Over the years, she said she saw Miami-Dade turn into a "Latin community, controlled by Latins." And with the power shift, racism wasn't gone, she said. She was profoundly frustrated with the mismanagement of public funding that was supposed to help poor blacks.

"I don't know where the hell it [the millions in funding] went," she said adding that the director was convicted of misappropriation. "But that was less than $500,000 that he was tried for. And if millions came into Dade County, I don't know where it went ... Blacks didn't get it."

In 1992, she made the news for standing up for her grandson Victor Cobham, who said he was wrongly charged with possession and sale of cocaine. She went head to head against Judge Henry Ferro, whom she said brought up "that 1965 militancy" in her. The case was reassigned to Judge Catherine Pooler.

Over the years, she earned the respect of even the Cuban-American politicians, she sometimes detested.

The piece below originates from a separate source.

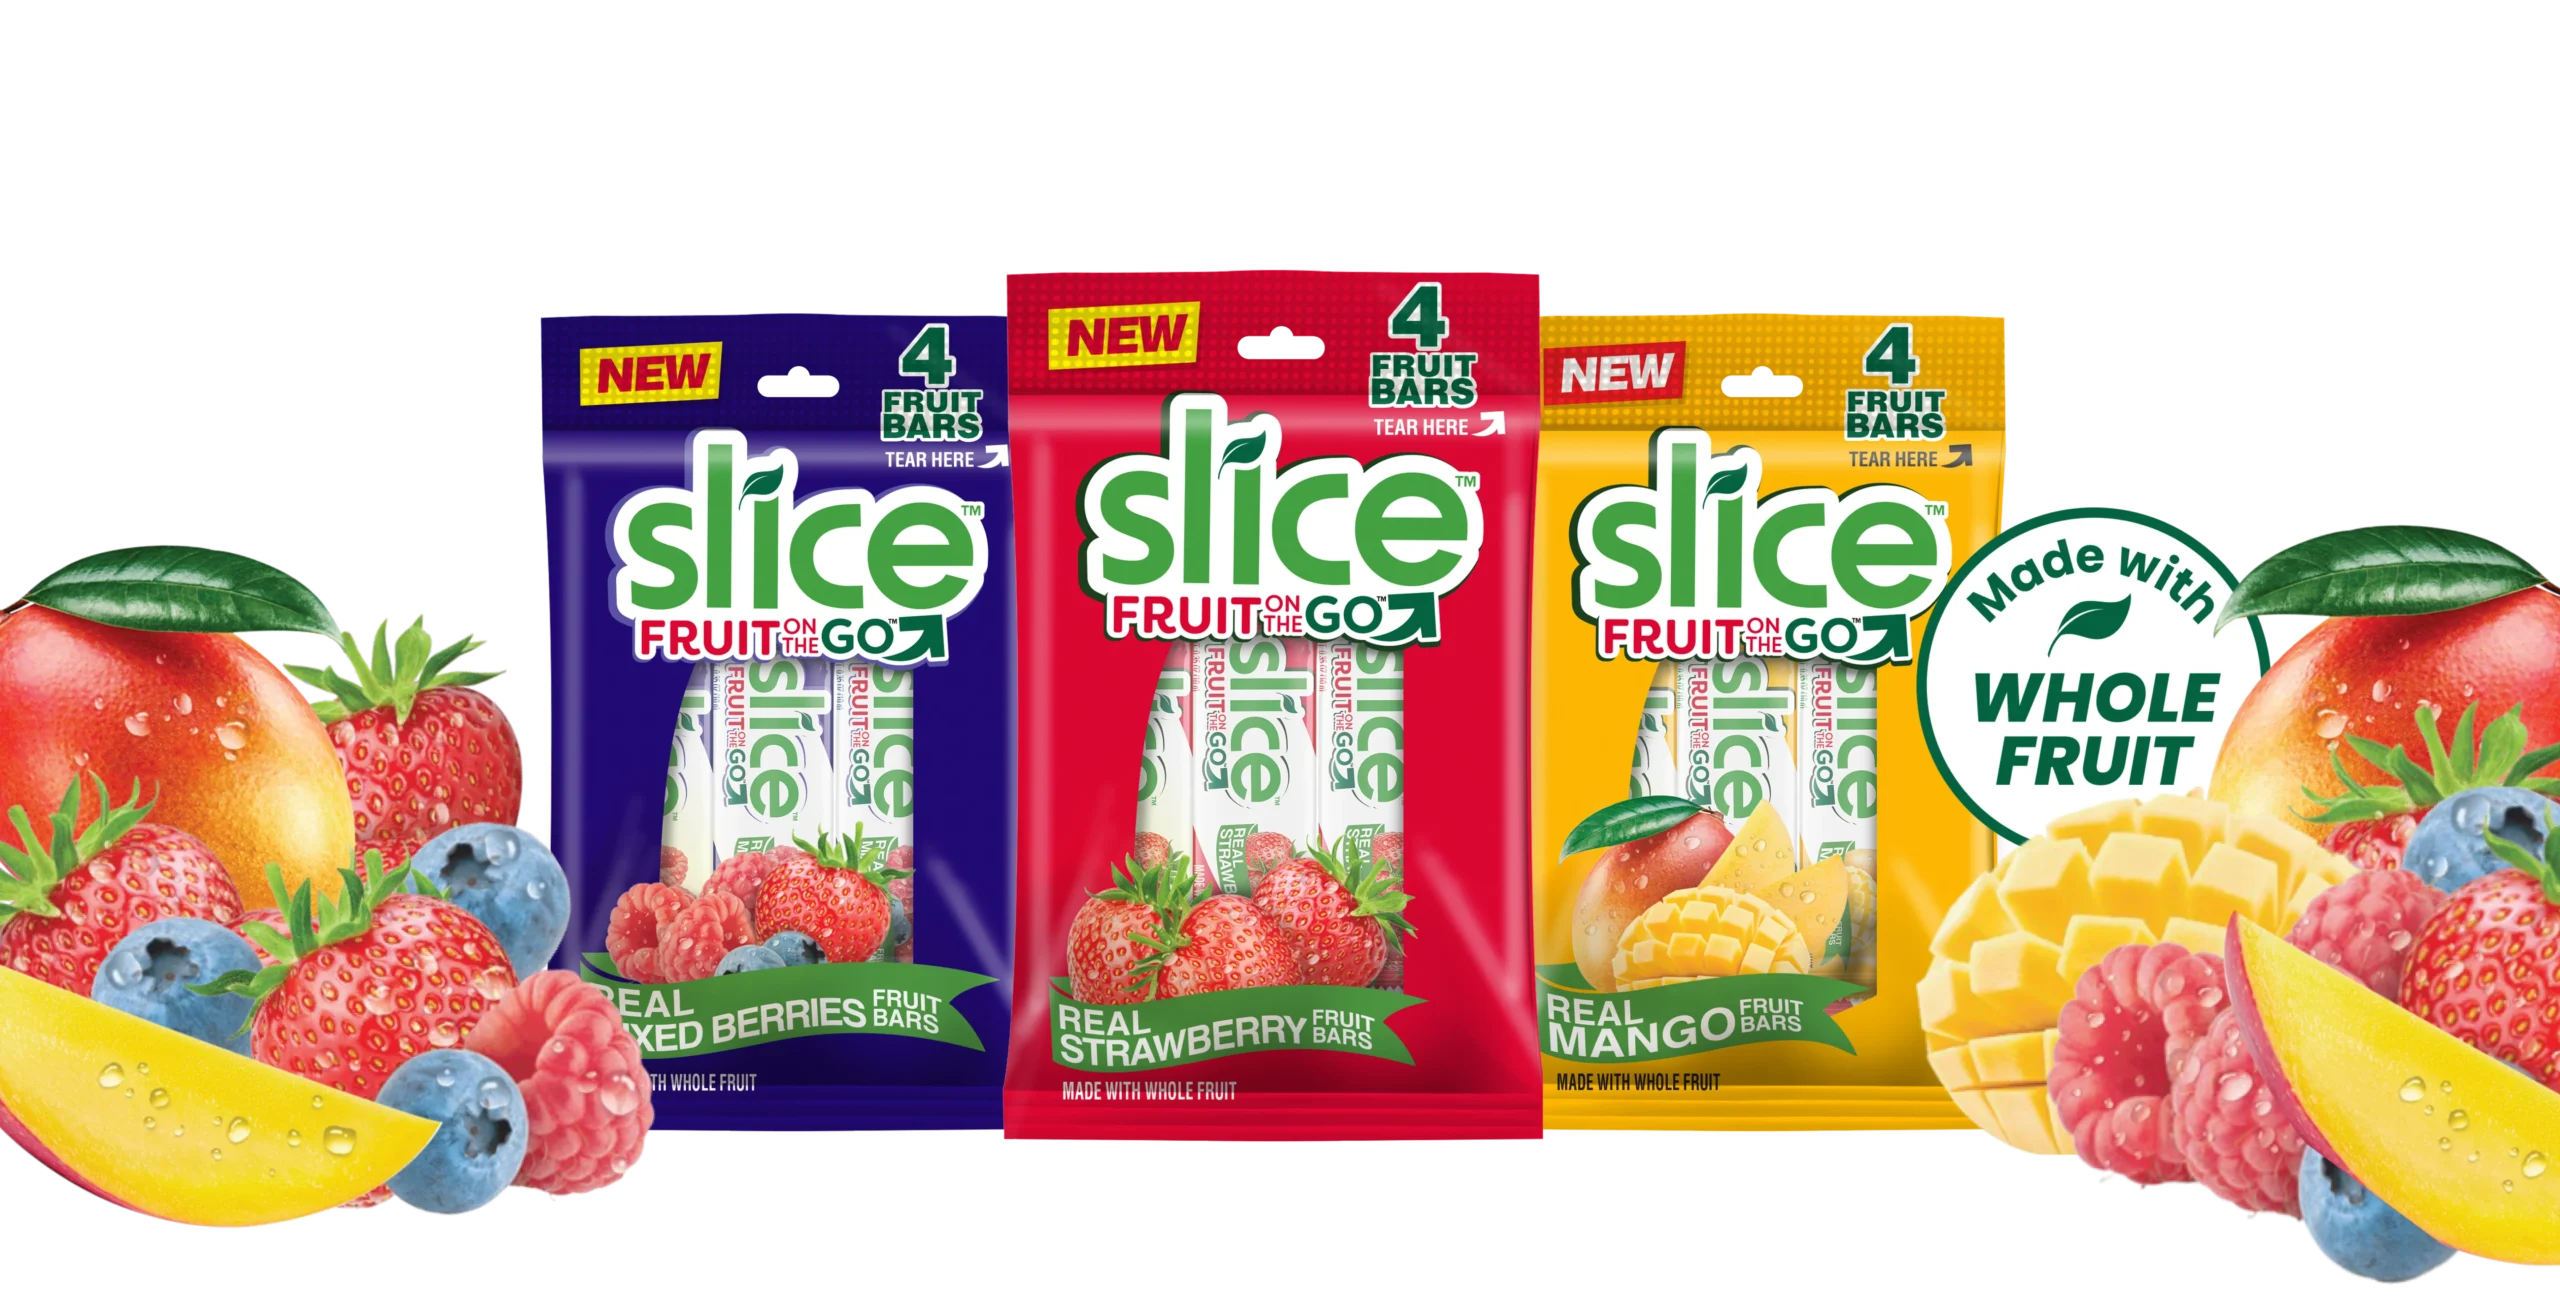 Slice fruit products

In 2011, Miami Mayor Tomas Regalado renamed a renovated six-unit building for teens transitioning out of foster care in Liberty City. It is now the Georgia Jones-Ayers Transitional Living Facility. Miami-Dade County public schools also recognized her service that year.

She "worked tirelessly to guide troubled young people away from the criminal justice system and encouraged them to lead productive lives," Mayor Carlos Gimenez said in a statement Tuesday.

Jones-Ayres had six children. She is survived by daughter Debra Taylor, sons George Jones and Cecil Ray Jones, 9 grand children and 20 great-grandchildren.